Second-quarter profit for Nautilus (NYSE: NLS) fell 34 percent overall, with the company blaming the drops primarily on a lackluster home gym sales. Revenue for the quarter was down 15 percent.
“The home gym market has been tough across the country,” said Gregg Hammann, CEO and president, on a July 16 earnings call announced 49 minutes before its 2 p.m. PST start. Later, Hammann noted that “home gym sales for the back half of the year are going to remain pretty ugly.
“We can’t panic and, at the same time, we have to be cognizant of what’s happening,” he said. ‘We’ll get through this immediate crisis.”
For the period ended June 30, net income dropped to $1.1 million, or $0.04 per share, from $1.7 million, or $0.05 per share in the prior year quarter.
The latest results included a $10.6 million gain from intellectual property received through a litigation settlement with Icon Fitness. Excluding that gain, the company posted a loss of $9.5 million, or $0.30 per share. Analysts had expected earnings of $0.04 per share.
The company's revenue fell below analyst estimates of $135 million. Nautilus reported second-quarter revenue of $117.1 million -- a 15 percent drop from the year-ago revenue of $137.6 million. Gross profit came in at $45.5 million on a cost-of-sales of $71.6 million, compared to the year-ago quarter that showed gross profit of $60.6 million with $77 million in cost of sales.
Gross margins were also down, with earlier expectations of hitting 43 percent to 46 percent, and current expectations now for the second half of the year of 42 percent to 43 percent, said CFO Bill Meadowcroft.
“Our business is down significantly, and probably more than it should be,” Hammann said in the call, addressing one analyst’s statement about “nobody else doing that badly,” while noting that it was the middle tier at sporting goods that was “taking it in the shorts.”
“I think our retail presence has gotten pretty pathetic-looking in the last six months,” Hammann added. “We’ve got to fix that.”
Nautilus expects to earn between $0.20 and $0.30 per share in the second half of the year, well below analysts' cumulative forecast of $0.74 per share.
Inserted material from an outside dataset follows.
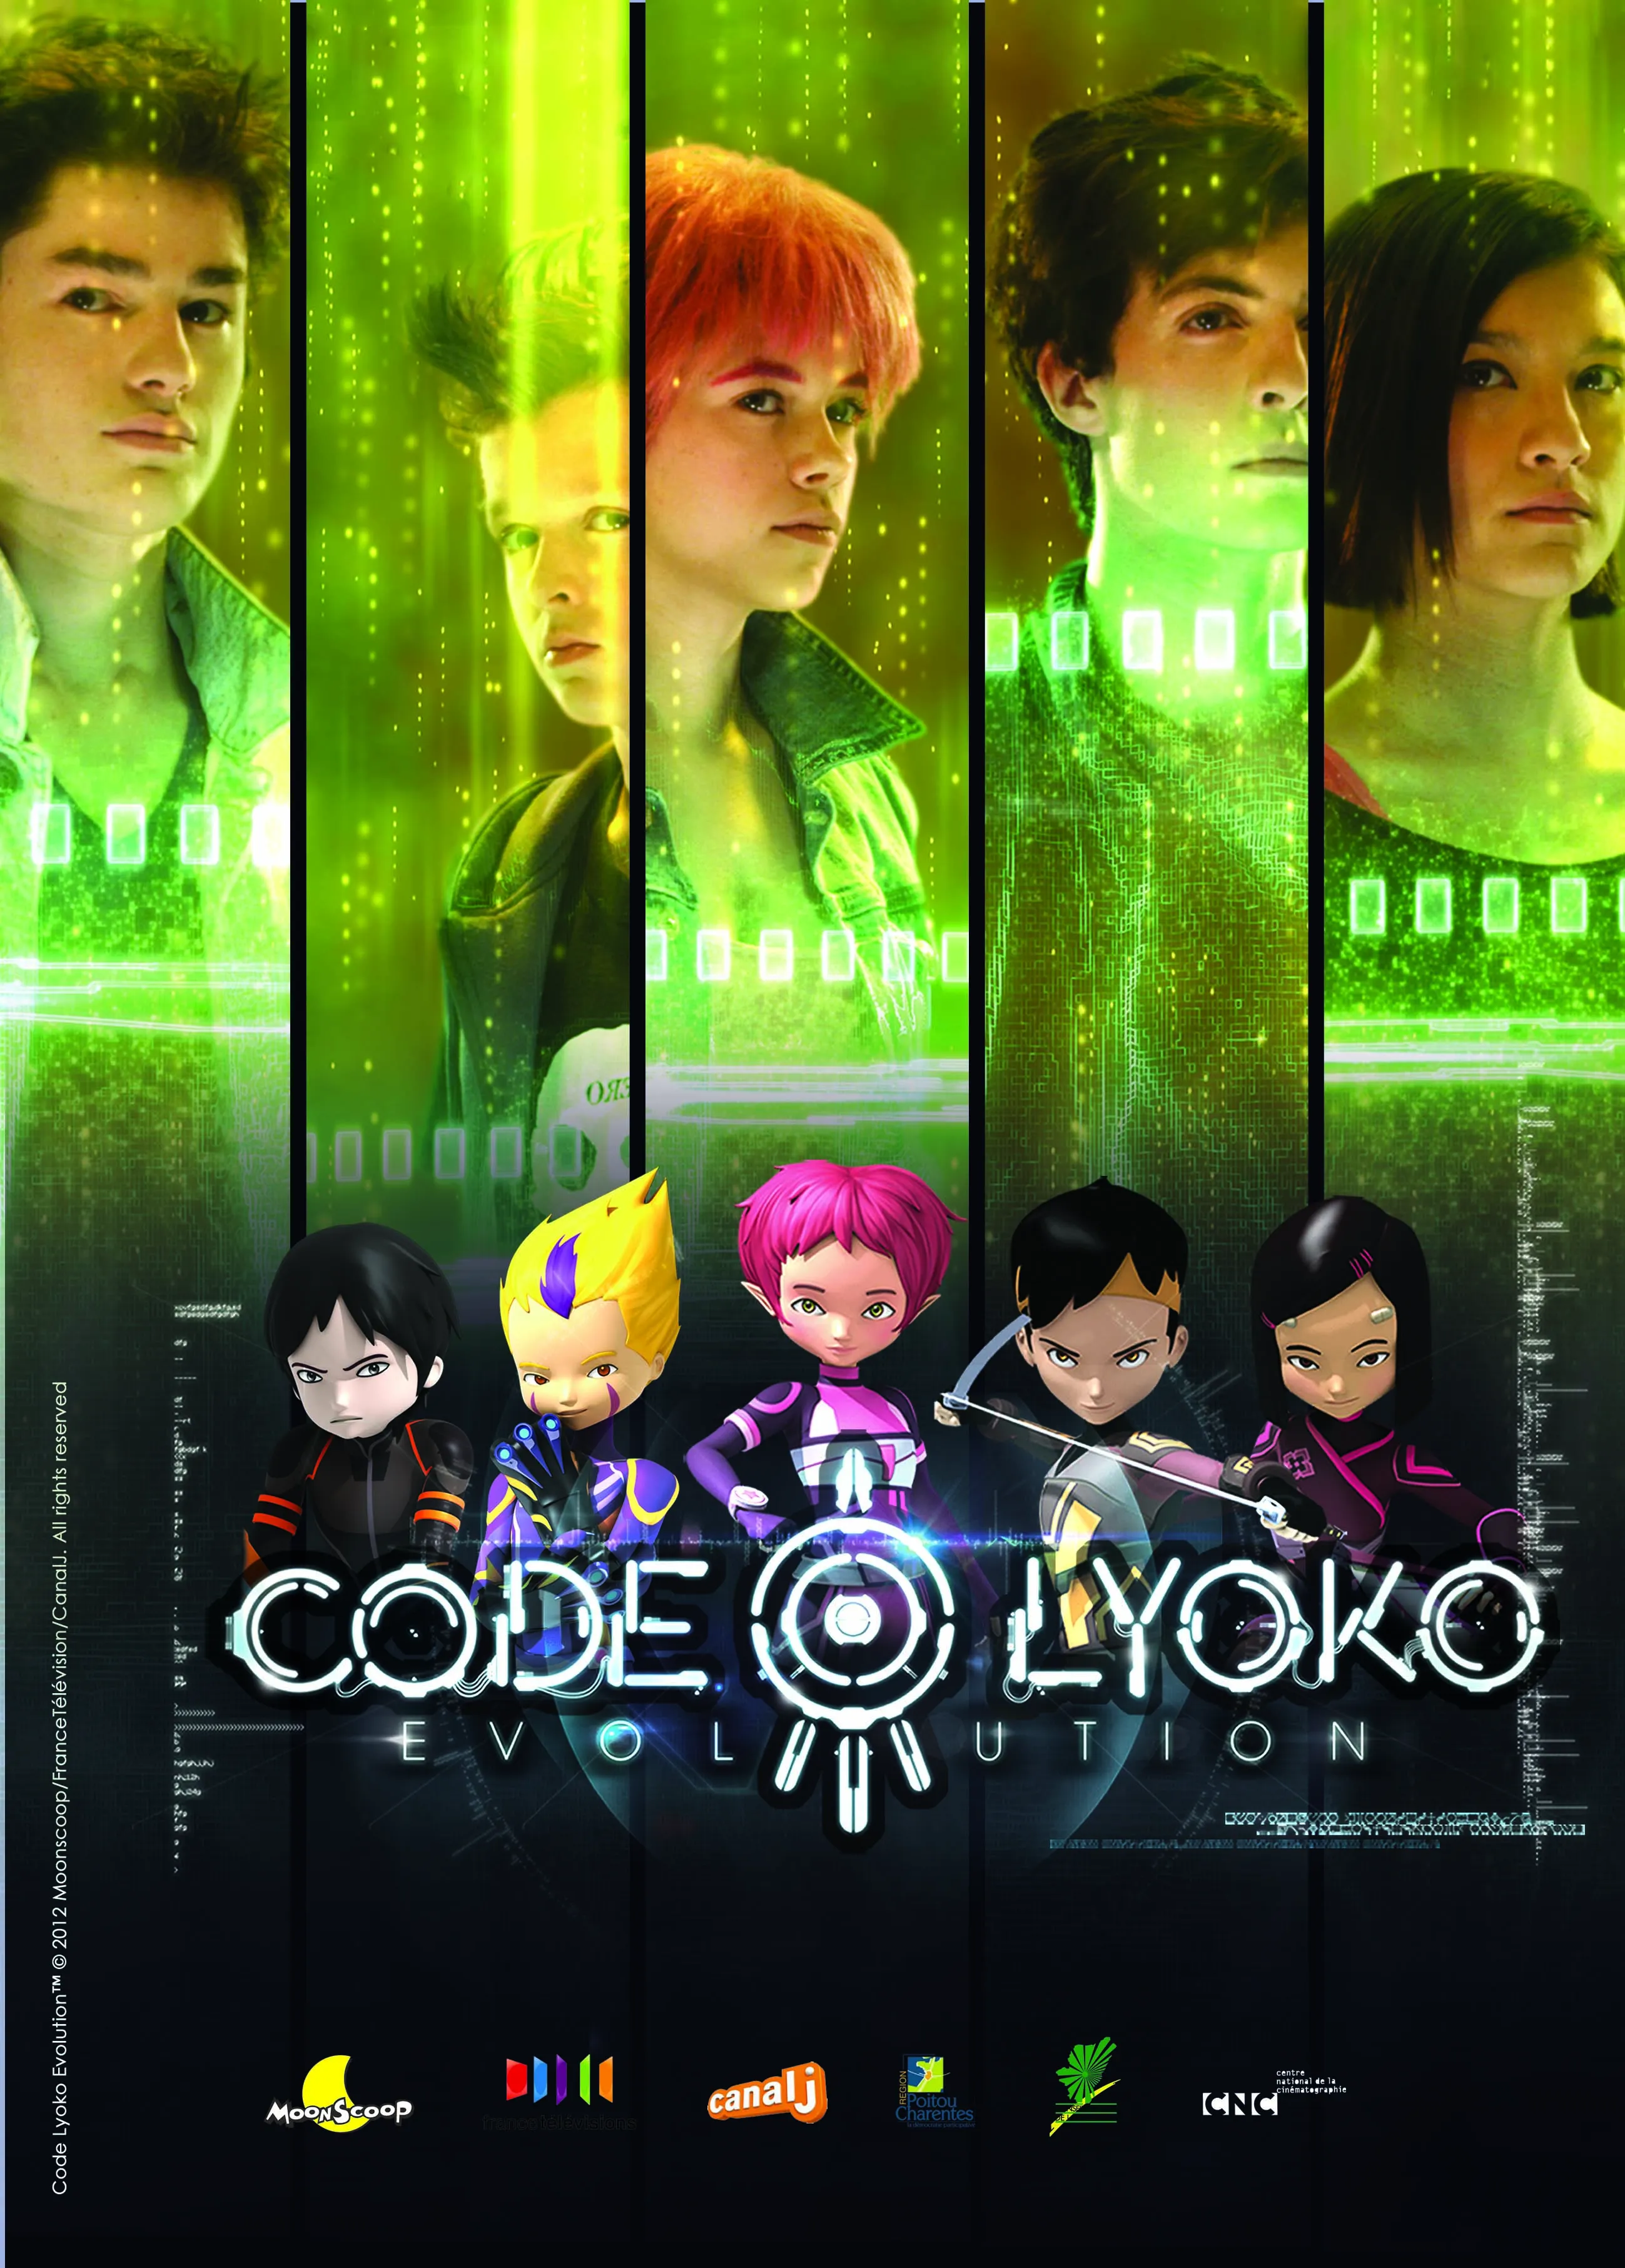 Press review • Code Lyoko - CodeLyoko.

On average, analysts expect the company to earn $0.27 per share in the third quarter and $0.47 in the fourth quarter. The company blamed consumer spending trends on discretionary items and softness in the North American home fitness market.
The company also said it expects to report revenue between $350 million and $380 million for the combined third and fourth quarters. Analysts predict the company will report sales of $169.3 million in the third quarter and $212.9 million in the fourth, for a slightly higher combined figure of $382.2 million.
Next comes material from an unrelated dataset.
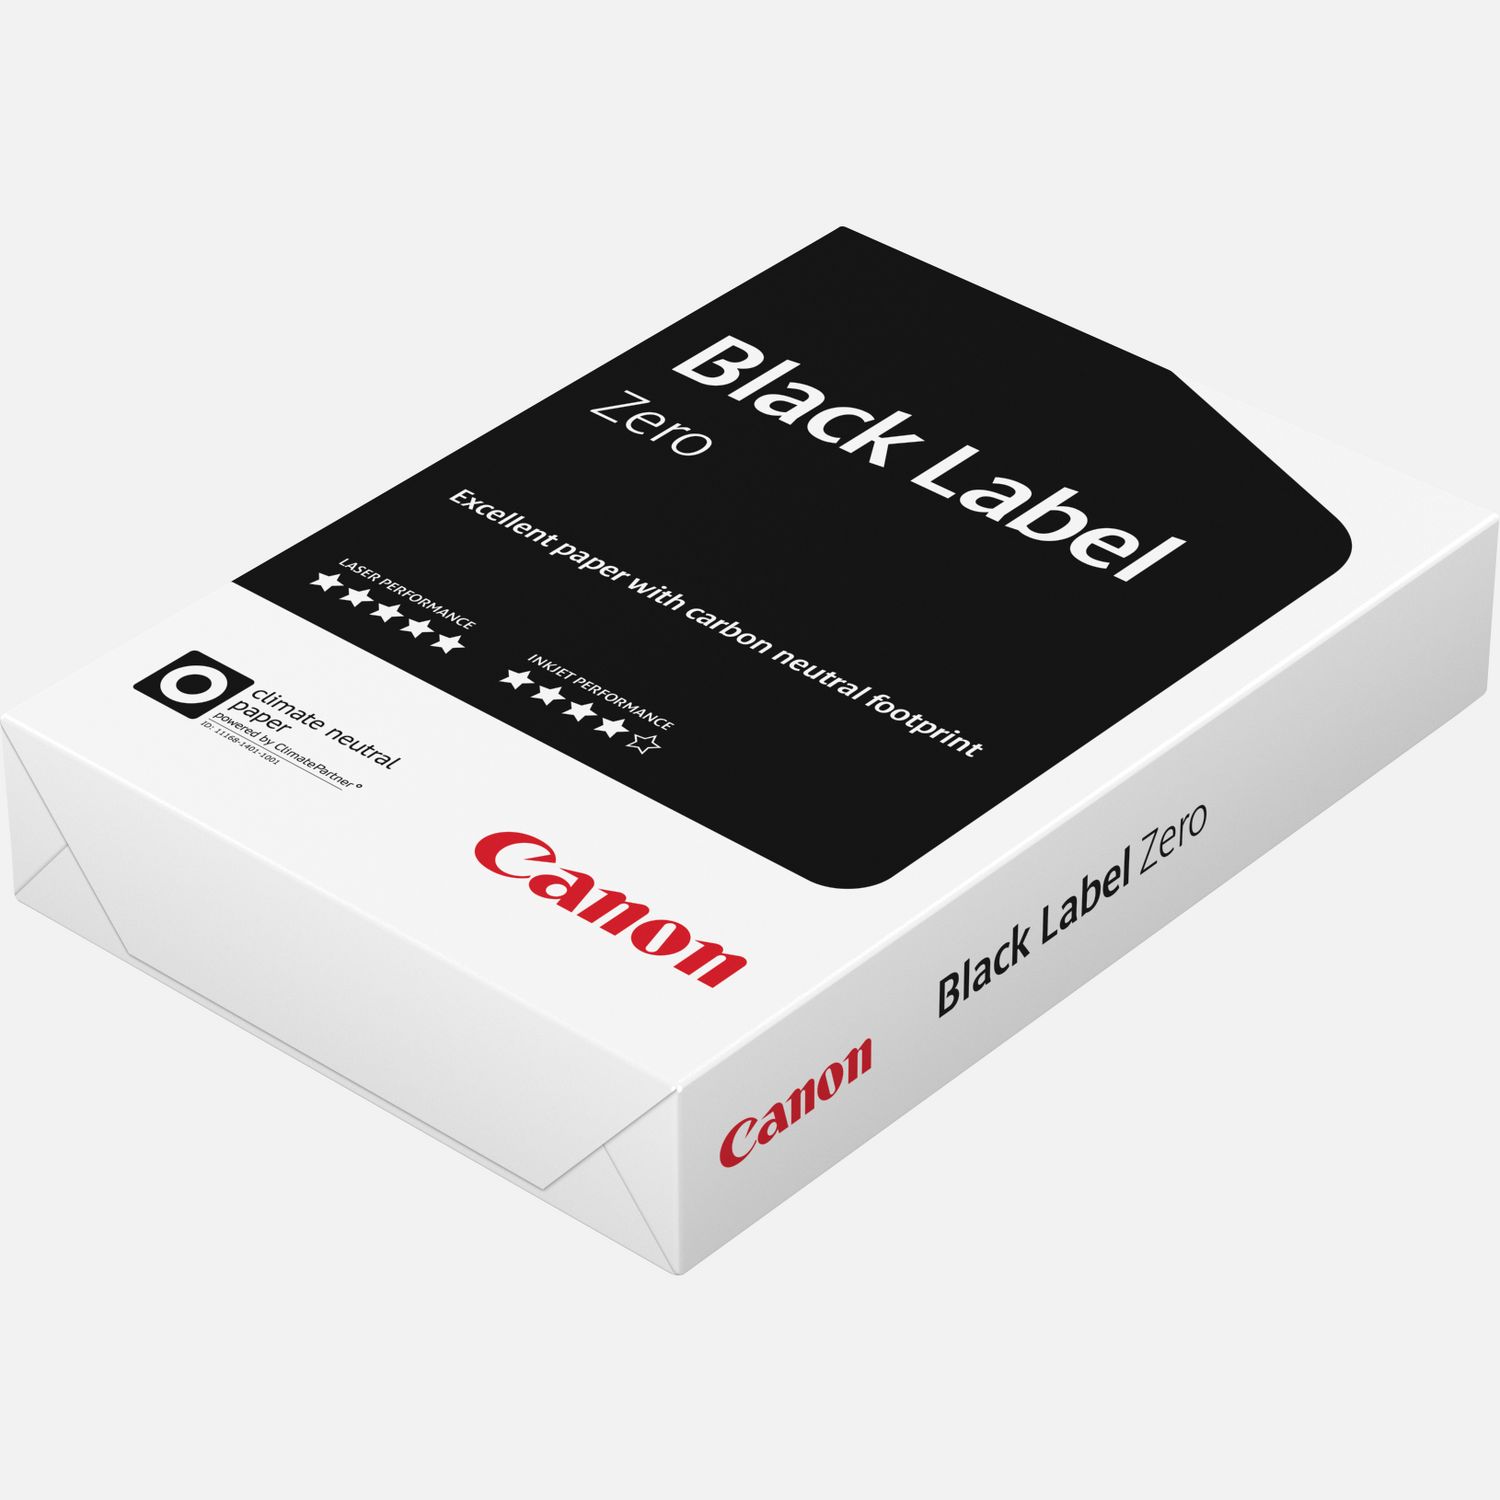 Bancale Carta per fotocopie Canon Black formato A4 – 75 gr.

Hammann said in the call that the company planned to battle the problem on several fronts:
>> an aggressive advertising campaign similar to the one a year ago.
>> utilization of the Universal brand for equipment it acquired in bankruptcy auction for “premium” price points at sporting goods.
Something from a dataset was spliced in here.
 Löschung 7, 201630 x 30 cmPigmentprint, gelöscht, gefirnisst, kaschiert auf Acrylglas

>> one or maybe two new brands specifically for specialty retail, an area that has shown the worst results this year.
The specialty campaign would “launch a new brand and bring one back to life for th back half of the year,” Hammann said, declining to reveal more detail. He told analysts who questioned the need for more brands as delivering on something the specialty channel was requesting.
Hammann said the company used to have what he called “firewalls” between the channels but those have been eroded over time and have confused the consumer. He said the company intends to work on that aspect.
“We’re trying to re-establish those firewalls so when we have innovation we can cascade it between channels,” he explained.
Nautilus shares shed $1.42, or 12 percent, to $10.52 in electronic after-hours trading. The stock, which has ranged between $11.49 and $18.63 over the past year, closed the regular session down $0.06 at $11.94.
Land America acquisition
On June 29, Nautilus announced the exercise of an option to purchase substantially all the assets of its largest contract manufacturer, Land America Health and Fitness Co. Ltd., in the Peoples Republic of China. With that, Nautilus has deposited $30 million into an escrow account. Upon the closing, the amount will be applied to the total purchase price for the assets, which is approximately $72 million in cash and stock, adjusted for the amounts of fixed assets and inventory held on the closing date. Nautilus said it anticipates that the transaction will close on or about Jan. 2, 2008.
In addition, Nautilus officially announced the departure of Tim Hawkins, the president of the fitness equipment business, who according to a SEC filing departed the company June 29. Hammann will take on Hawkins’ duties for the time being and the company said on the call it is looking at its options.
In the spring, Jim Brenner, who was vice president of marketing, also departed and his duties were assumed by Jim Liggett, head of commercial sales and marketing, while Rick Soberanis, who was senior vice president of sales, also left and his duties were assumed by Jon Levin.